- Prompt:
Go through the records line by line from the top and repeat each one exactly, ending with the line that contains "Pair of Leather".

Items from a data source
>>>

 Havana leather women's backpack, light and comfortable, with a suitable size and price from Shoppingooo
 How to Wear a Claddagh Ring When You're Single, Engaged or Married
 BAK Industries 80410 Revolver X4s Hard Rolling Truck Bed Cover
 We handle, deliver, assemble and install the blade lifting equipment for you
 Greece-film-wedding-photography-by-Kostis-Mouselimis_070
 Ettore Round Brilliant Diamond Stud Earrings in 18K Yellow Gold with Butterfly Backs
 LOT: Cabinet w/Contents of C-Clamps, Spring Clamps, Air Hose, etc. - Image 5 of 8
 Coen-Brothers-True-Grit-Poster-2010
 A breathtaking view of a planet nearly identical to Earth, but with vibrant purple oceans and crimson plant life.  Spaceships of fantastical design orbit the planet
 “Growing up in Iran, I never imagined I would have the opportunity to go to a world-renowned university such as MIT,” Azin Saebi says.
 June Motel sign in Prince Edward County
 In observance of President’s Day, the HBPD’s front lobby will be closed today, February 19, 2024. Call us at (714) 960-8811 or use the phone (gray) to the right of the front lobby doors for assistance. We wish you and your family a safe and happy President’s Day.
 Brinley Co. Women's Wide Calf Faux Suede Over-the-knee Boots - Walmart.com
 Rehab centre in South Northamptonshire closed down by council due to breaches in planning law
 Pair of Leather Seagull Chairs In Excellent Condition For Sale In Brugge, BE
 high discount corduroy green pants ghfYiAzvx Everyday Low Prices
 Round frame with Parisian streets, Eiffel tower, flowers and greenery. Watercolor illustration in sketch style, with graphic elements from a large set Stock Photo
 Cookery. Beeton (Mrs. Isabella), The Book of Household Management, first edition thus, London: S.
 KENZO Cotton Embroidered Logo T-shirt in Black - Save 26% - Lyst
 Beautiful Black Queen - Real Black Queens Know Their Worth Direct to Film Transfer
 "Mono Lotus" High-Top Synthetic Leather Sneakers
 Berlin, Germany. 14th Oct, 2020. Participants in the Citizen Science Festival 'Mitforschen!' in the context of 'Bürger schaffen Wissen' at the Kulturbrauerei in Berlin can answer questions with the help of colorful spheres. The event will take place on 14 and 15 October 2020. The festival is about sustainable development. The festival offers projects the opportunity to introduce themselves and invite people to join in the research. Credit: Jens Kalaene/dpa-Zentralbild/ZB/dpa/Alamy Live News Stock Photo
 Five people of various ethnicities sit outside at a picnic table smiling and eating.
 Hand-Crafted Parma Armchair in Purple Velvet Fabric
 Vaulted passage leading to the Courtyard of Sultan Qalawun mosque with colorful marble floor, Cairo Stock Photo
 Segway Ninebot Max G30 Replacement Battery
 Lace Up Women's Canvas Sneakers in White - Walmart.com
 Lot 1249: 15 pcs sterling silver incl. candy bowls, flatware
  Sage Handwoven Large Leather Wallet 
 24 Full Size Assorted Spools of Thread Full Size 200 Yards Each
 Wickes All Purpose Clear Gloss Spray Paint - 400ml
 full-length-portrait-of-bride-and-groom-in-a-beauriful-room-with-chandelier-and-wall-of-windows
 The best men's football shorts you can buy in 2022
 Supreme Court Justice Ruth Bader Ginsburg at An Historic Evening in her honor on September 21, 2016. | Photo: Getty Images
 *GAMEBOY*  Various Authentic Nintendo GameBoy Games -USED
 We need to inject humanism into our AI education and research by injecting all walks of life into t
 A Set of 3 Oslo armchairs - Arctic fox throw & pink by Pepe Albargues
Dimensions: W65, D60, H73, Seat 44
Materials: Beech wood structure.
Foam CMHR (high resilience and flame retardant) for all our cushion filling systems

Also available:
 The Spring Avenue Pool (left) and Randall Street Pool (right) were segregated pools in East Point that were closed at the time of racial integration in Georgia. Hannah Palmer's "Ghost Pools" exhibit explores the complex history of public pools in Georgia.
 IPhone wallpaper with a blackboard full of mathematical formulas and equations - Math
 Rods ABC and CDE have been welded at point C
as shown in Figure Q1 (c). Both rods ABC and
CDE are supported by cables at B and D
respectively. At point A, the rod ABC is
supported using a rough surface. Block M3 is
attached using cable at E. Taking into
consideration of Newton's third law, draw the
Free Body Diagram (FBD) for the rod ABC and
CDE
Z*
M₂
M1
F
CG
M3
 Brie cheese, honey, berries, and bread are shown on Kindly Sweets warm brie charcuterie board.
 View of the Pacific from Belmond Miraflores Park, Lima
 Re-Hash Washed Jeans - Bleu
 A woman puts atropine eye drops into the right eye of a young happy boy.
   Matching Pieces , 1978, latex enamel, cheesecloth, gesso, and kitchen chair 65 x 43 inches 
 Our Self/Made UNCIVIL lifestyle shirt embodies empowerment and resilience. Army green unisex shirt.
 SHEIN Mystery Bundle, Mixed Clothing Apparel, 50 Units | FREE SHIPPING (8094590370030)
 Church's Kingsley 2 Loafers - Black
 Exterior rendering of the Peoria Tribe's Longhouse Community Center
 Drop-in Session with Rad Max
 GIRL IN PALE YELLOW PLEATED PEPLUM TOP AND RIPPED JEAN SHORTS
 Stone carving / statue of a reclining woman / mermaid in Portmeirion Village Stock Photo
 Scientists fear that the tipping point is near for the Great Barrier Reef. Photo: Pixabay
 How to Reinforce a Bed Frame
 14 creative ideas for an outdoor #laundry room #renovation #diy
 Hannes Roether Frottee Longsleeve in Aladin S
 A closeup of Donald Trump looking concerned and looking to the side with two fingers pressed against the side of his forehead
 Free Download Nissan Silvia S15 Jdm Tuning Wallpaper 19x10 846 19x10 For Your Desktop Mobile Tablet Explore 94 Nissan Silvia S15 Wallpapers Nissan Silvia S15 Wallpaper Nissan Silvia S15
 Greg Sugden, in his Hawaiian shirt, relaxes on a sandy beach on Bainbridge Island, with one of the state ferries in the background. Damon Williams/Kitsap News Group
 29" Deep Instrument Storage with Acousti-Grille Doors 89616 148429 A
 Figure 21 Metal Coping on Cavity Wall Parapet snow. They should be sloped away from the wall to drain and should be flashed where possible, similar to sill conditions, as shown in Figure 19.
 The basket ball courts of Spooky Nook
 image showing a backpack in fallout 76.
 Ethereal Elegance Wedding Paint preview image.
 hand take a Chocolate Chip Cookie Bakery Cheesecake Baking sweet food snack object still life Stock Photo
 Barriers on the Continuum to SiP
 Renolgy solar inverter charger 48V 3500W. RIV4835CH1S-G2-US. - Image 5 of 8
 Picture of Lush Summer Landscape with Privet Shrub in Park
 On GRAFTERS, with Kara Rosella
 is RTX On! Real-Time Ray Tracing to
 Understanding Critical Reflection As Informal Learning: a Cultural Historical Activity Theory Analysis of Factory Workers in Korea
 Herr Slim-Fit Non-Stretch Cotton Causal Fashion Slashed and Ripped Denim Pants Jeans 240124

<<<

- Exercise response:
 Havana leather women's backpack, light and comfortable, with a suitable size and price from Shoppingooo
 How to Wear a Claddagh Ring When You're Single, Engaged or Married
 BAK Industries 80410 Revolver X4s Hard Rolling Truck Bed Cover
 We handle, deliver, assemble and install the blade lifting equipment for you
 Greece-film-wedding-photography-by-Kostis-Mouselimis_070
 Ettore Round Brilliant Diamond Stud Earrings in 18K Yellow Gold with Butterfly Backs
 LOT: Cabinet w/Contents of C-Clamps, Spring Clamps, Air Hose, etc. - Image 5 of 8
 Coen-Brothers-True-Grit-Poster-2010
 A breathtaking view of a planet nearly identical to Earth, but with vibrant purple oceans and crimson plant life.  Spaceships of fantastical design orbit the planet
 “Growing up in Iran, I never imagined I would have the opportunity to go to a world-renowned university such as MIT,” Azin Saebi says.
 June Motel sign in Prince Edward County
 In observance of President’s Day, the HBPD’s front lobby will be closed today, February 19, 2024. Call us at (714) 960-8811 or use the phone (gray) to the right of the front lobby doors for assistance. We wish you and your family a safe and happy President’s Day.
 Brinley Co. Women's Wide Calf Faux Suede Over-the-knee Boots - Walmart.com
 Rehab centre in South Northamptonshire closed down by council due to breaches in planning law
 Pair of Leather Seagull Chairs In Excellent Condition For Sale In Brugge, BE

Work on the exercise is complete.